City building survival game Frostpunk 2 will put settlers in the same dangerous conditions as in the first game – in an Ice Age period where the environment is becoming increasingly dire. But according to a new gameplay trailer, it looks like it will surpass the original game’s unforgiving, dystopian conditions. The sequel is scheduled to launch on PC sometime in the first half of 2024 and will appear on Game Pass.
In Frostpunk, you run a settler town in a town near London during the Industrial Revolution while surviving a catastrophic environmental event. Ice storms have devastated most of humanity; They must find a way to keep the generators for heat while assigning workers and making constant compromises to feed, house and, most importantly, keep people alive. The game’s motto was “The city must survive” – its citizens believe they are among the last people alive, and if you let the generator die, you will freeze to death.
Frostpunk 2, set 30 years after the original, takes these ideas and continues them – the city has endured so long, the motto is now “The city must not fall.” It looks like each of the original game’s core ideas would have experienced a new dimension. The top-down design of the city is equally vibrant and picturesque. However, the gameplay trailer reveals more sophisticated UI features in the building layout, including what appear to be design elements related to new heating technologies. When Frostpunk 2 was first announced in 2021, the announcement trailer noted that generator technology had evolved to run on oil – but these upgrades would come at a price.
In Frostpunk 2, players must master political conflicts and worker rebellions. It seems that workers now have the opportunity to fight back against the decisions of the steward – that’s you as a player – by saying no to things. The gameplay trailer shows the interior of a community center where workers vote on equal pay.
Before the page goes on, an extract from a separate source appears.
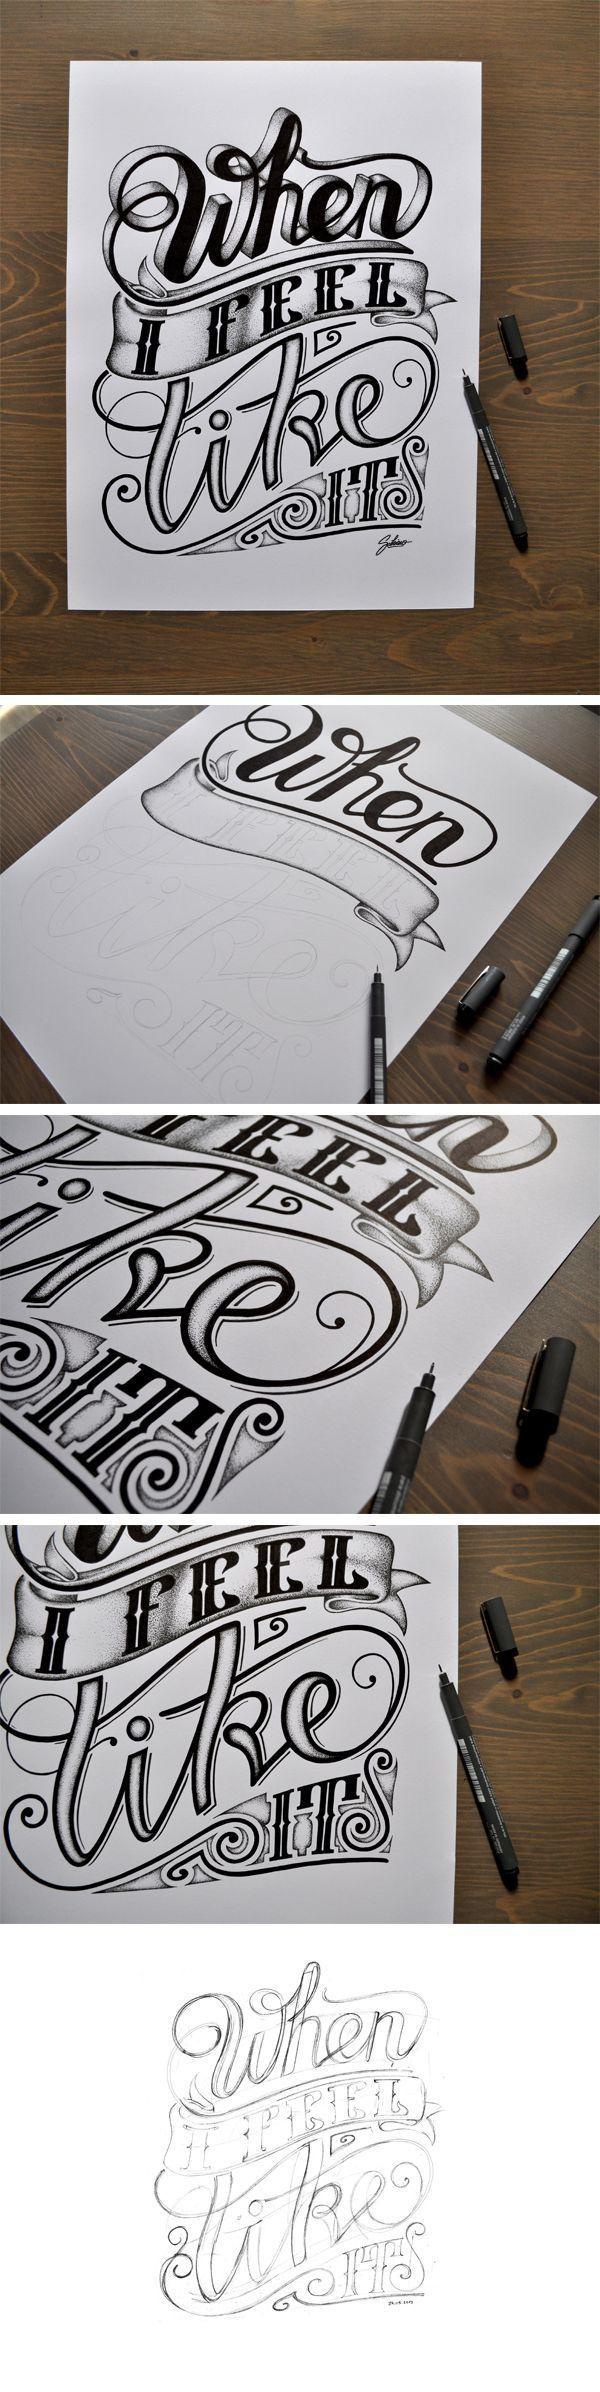 Découvrez cette semaine le second numéro pour notre rendez-vous des inspirations typographiques avec une sélection autour du lettering et de la calligraphie.

The trailer also features several narrative flashpoint moments in which citizens ask about specific things or voice specific complaints: At one point, a miner named Ian Mactavish shouts, “Where are the houses you promised?”
That might honestly be the most frightening thing this sequel promises: giving faces and names to working people. The original game basically gave you no good choices: you force people to work 18 hours, feed them sawdust, and try to figure out whether militarism or religion is the best way to enforce compliance. It looks like you’ll have to deal with the brutal consequences of your decisions in the sequel.